Part 1 - Dimension Reduction for Rapid Localization of Parametrized Microstructures
In the first period, we successfully developed new approaches for (non-intrusive) model order reduction (MOR) capable of providing inexpensive surrogates for parametrized microscale representative volume elements as required in multi-scale simulations. This is a significant step towards our goal of developing dimension reduction methods capable of flexibly and efficiently dealing with complex, parametrized microstructures exhibiting nonlinear behaviour. With such methods, we are able to drastically reduce the computational cost to simulate a multi-scale component’s response for any parameter value within a prescribed range.
In particular, we developed a non-intrusive reduced basis method based on proper orthogonal decomposition and gaussian process regression capable of constructing inexpensive surrogates for parametrized microscale problems. The proposed method has three key features. First, the microscopic stress field can be fully recovered. Second, the method can accurately predict the stress field for a wide range of material parameters; furthermore, the derivatives of the effective stress with respect to the material parameters are available and can be readily utilized in solving optimization problems. Finally, it is more data efficient, i.e. requiring less training data, as compared to directly performing a regression on the effective stress. The method has been successfully applied to material and loading parametrizations (see [Guo, Rokos & Veroy, 2021]); a further publication applying the method to the more difficult case of geometric parametrizations has also been submitted to a top journal and is now in the final stages of revision. These works have been presented and disseminated in several contributed and invited talks in conferences and workshops.
Part 2 - Data Assimilation and Optimal Experimental Design in the Multi-Scale Setting
In this part, we have three main achievements in the first period.
(1) We successfully developed a reduced order methodology for ensemble Kalman inversion that even makes corrections for the errors introduced by the reduced basis surrogate. The method is applicable and relevant not only in materials, but also in other fields such as geophysics. This work has also been presented in several workshops and conferences. A manuscript describing this method is in the final stages of preparation and will be submitted to a journal by the end of the calendar year.
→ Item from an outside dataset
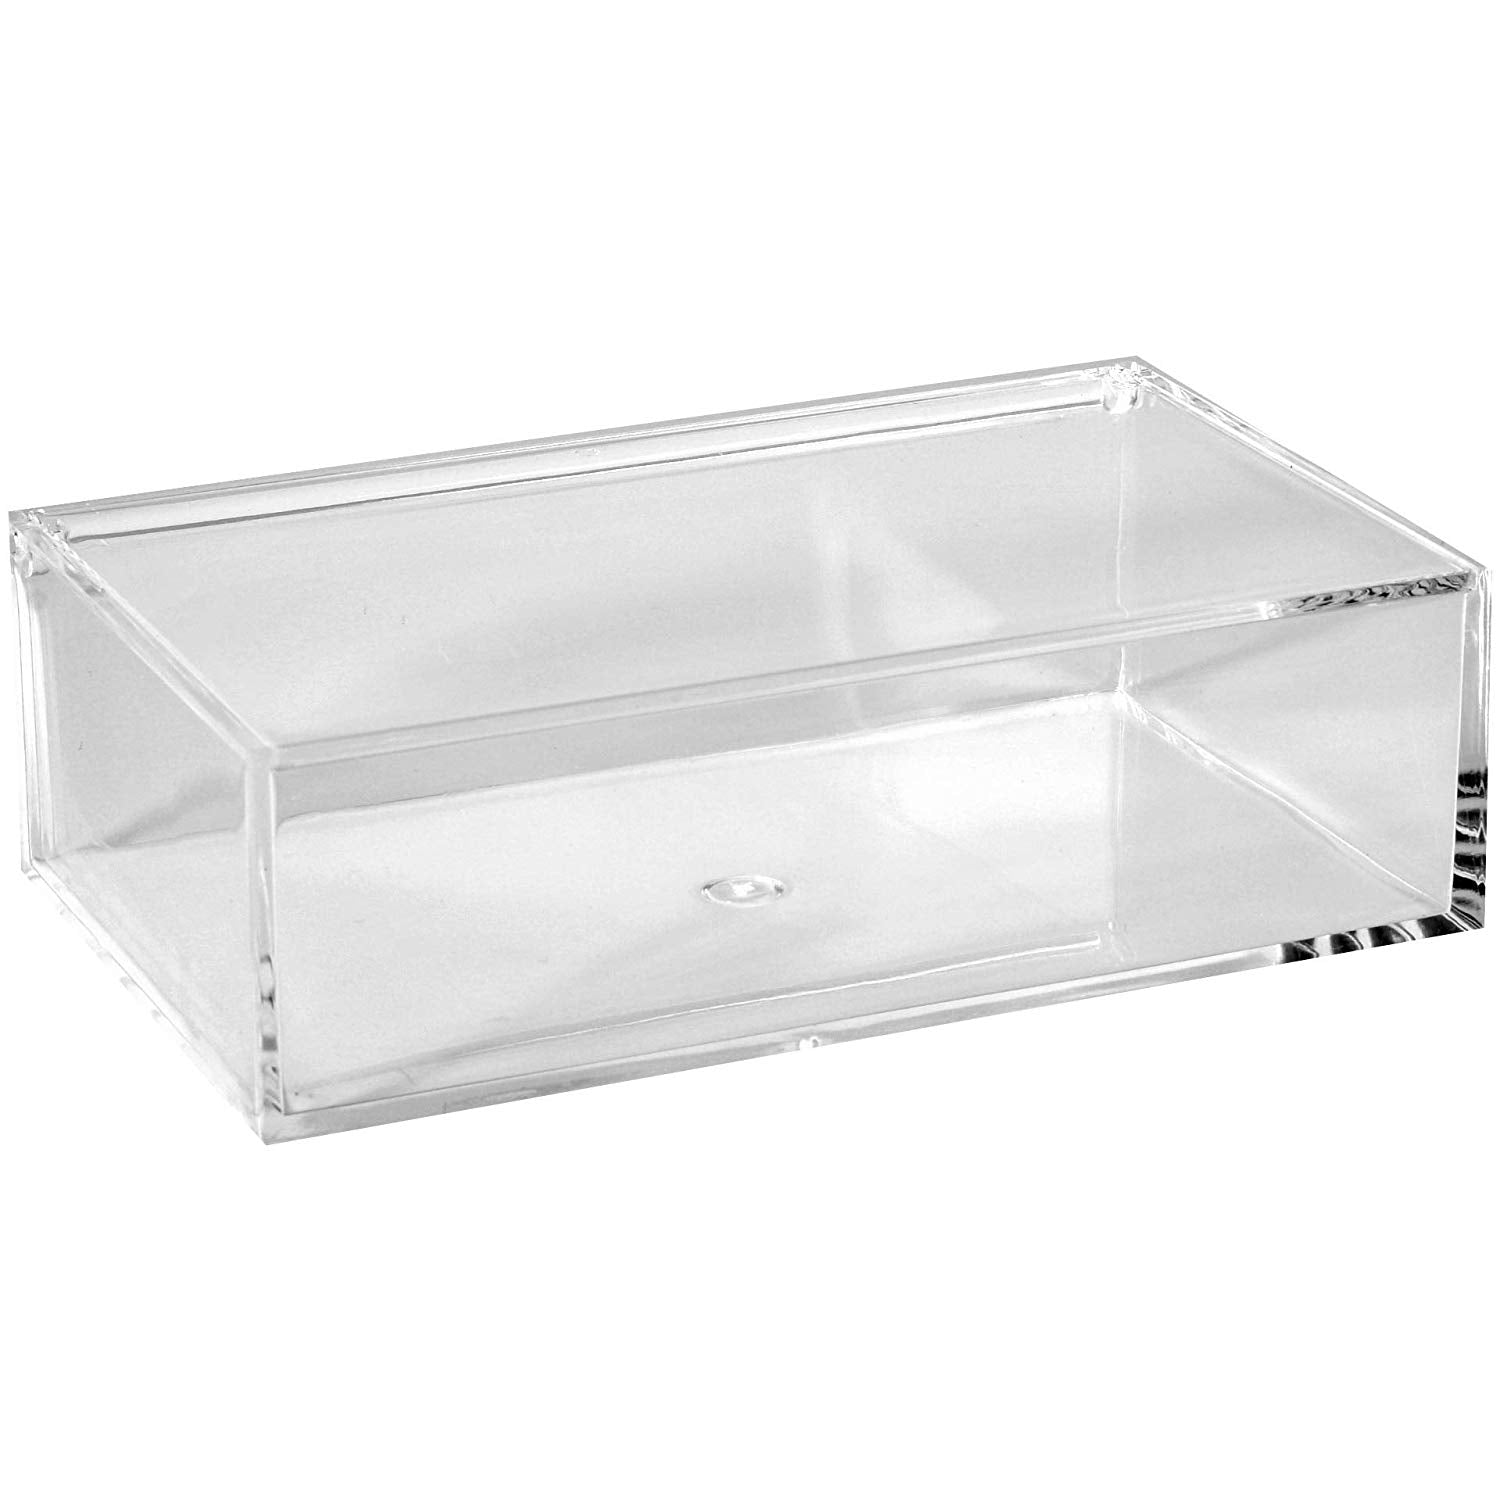  Hammont Clear Acrylic Boxes - 2 Pack - 4''x4''x4'' - Small Cube  Lucite Boxes for Gifts, Weddings, Party Favors, Treats, Candies &  Accessories, Plastic Storage Boxes : Home & Kitchen

(2) In this period, we built upon our previous work on reduced basis and optimal experimental design methods for 3D-VAR (for stationary problems) and extended the methods to 4D-VAR (for time-dependent problems). We were able to develop efficiently computable reduced order models for space-time discretizations, which then allowed extension of the the 3D-VAR methodology also for time-dependent problems. Two manuscripts on this work are in the final stages of preparation and will be submitted to journals by the end of the calendar year.
(3) Building upon our previous work on optimal experimental design for a simpler setting, we developed a sequential method for optimal experimental design in the Bayesian (probabilistic) setting. In this first work, we focus on a single scale problem. The developed algorithm allows for correlated noise models even for large sets of admissible sensors and remains computationally efficient for high-dimensional forward models through MOR. A manuscript describing this work is in the final stages of preparation and will be submitted by the end of the year. This work has been presented by in several invited talks.